Again: This MWE does not reproduce the problem, but I can not find any difference between this MWE and my original code, that is not so easy to extract from the package, but also involves this recursive type this example has (and yes sorry I am just running out of ideas what to test).


#15

My final remarks, since I am really running out of ideas is – the only difference from the last code to my complete code is, that the MySimpleType is not a value but a vector ( Vector{Float64}), that does not change the results in the above example, it still has stable types.

However, also only in my larger example (though not in the MWE), adding a constructor to (hence within) MyType like

    MyType{TA,TB}(v,d) where {TA <: AbstractArray{T,N} where {T <: MyAbstractType, N}, TB <: Tuple{Vararg{Int}} }= new(v,d)

yields that code_warntype does not produce any Core.Boxes anymore any no Anys, however the code itself of course does not work anymore, since the constructor now requires the types to be specified on every call (which is tedious to write). On the other hand adding the easier (outer) constructor (so outside of MyType) like

MyType(v::TA,d::TB) where {TA <: AbstractArray{T,N} where {T <: MyAbstractType, N}, TB <: Tuple{Vararg{Int}} }= MyType{TA,TB}(v,d)

solves this problem and the constructors as in the MWE work again. In the MWE this also compiles fine. However in my larger code (with vector instead of float, though that also does not break the MWE)

  • introducing the inner constructor solves all code warnings but the code does not run
  • introducing the outer constructor additionally makes the code run but reintroduces the code warnings.

The definition of a seems to be the culprit, it just appears for the size (variable d) for the first time and axis stored in aCore.Box` - again only in my larger example though the example above is the same with different names copied together into one example. The output is even stranger. Adapted (as said the MWE does not reproduce, and I really don’t know why anymore)

    %23  = %new(MyType{Array{MySimpleType,1}}, %22)::MyType{Array{MySimpleType,1}}
    │           (Core.setfield!)(%1, :contents, %23)
│           (Core.setfield!)(%2, :contents, 10.0)
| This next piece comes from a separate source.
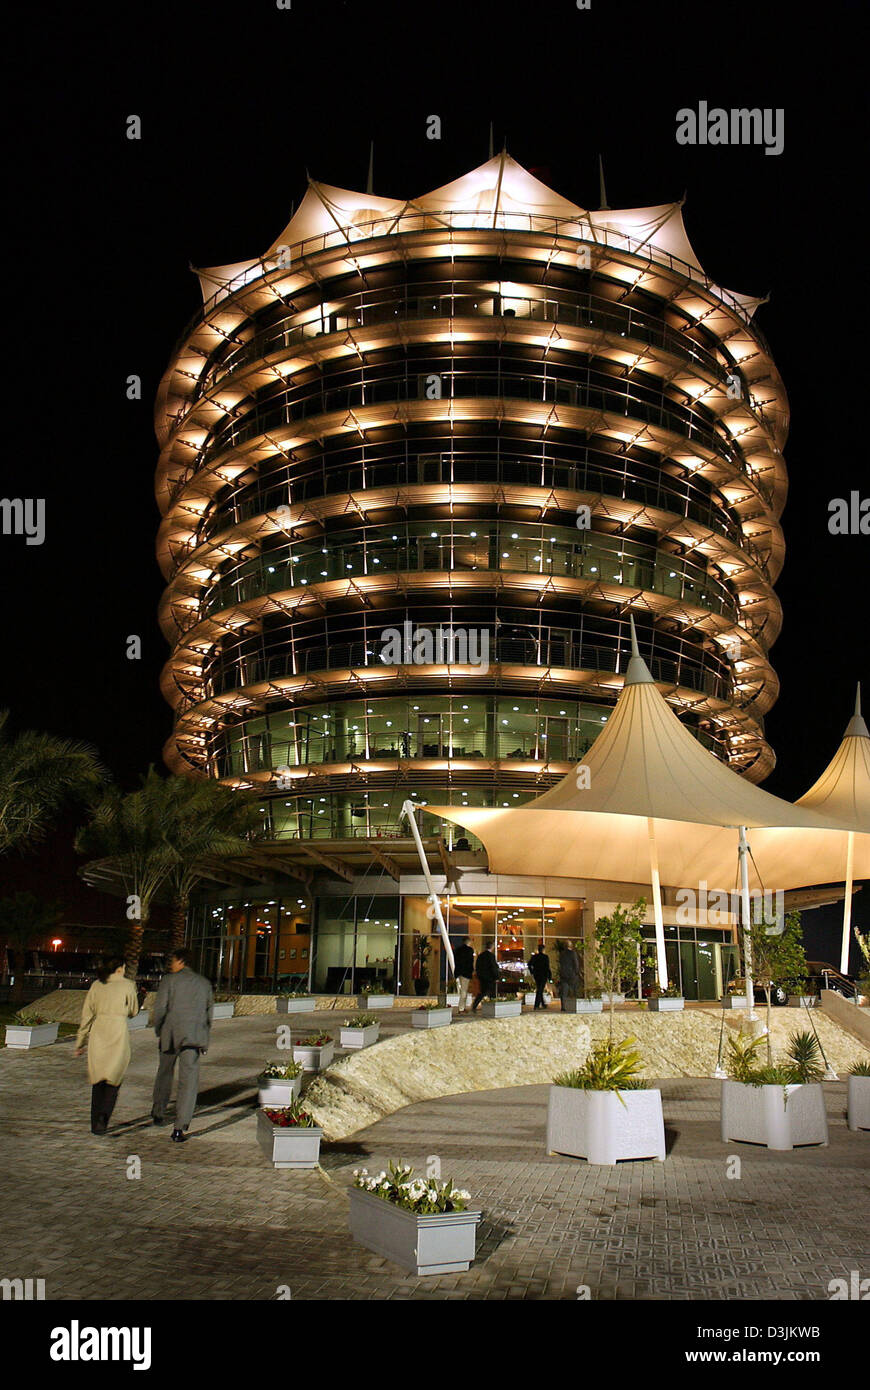 (dpa) - View of the illuminated visitor tower at the Formula 1 race track near Manama, Bahrain, 14 February 2005. - Stock Image

So it seems to defer the type correctly in its compiled command 23 but then decides to still put it in a Core.Box. Even stranger, the following box that’s filled is for a line that just reads α = 10.(that’s why I added that, too). I don’t understand any of those lines. Of course this causes many other problems when reusing that line. (%22) is the result of the vcat from within the runExample and returns the proper array of SimpleTypes.


#16

Okay, I found the culprit: Besides.`size had another function that was not typestyle and somehow that induced so many boxes and errors that it was hard to find that. I am left with another problem, but that is merely for another thread, because it’s not related to the problem discussed here. Thanks for all your help.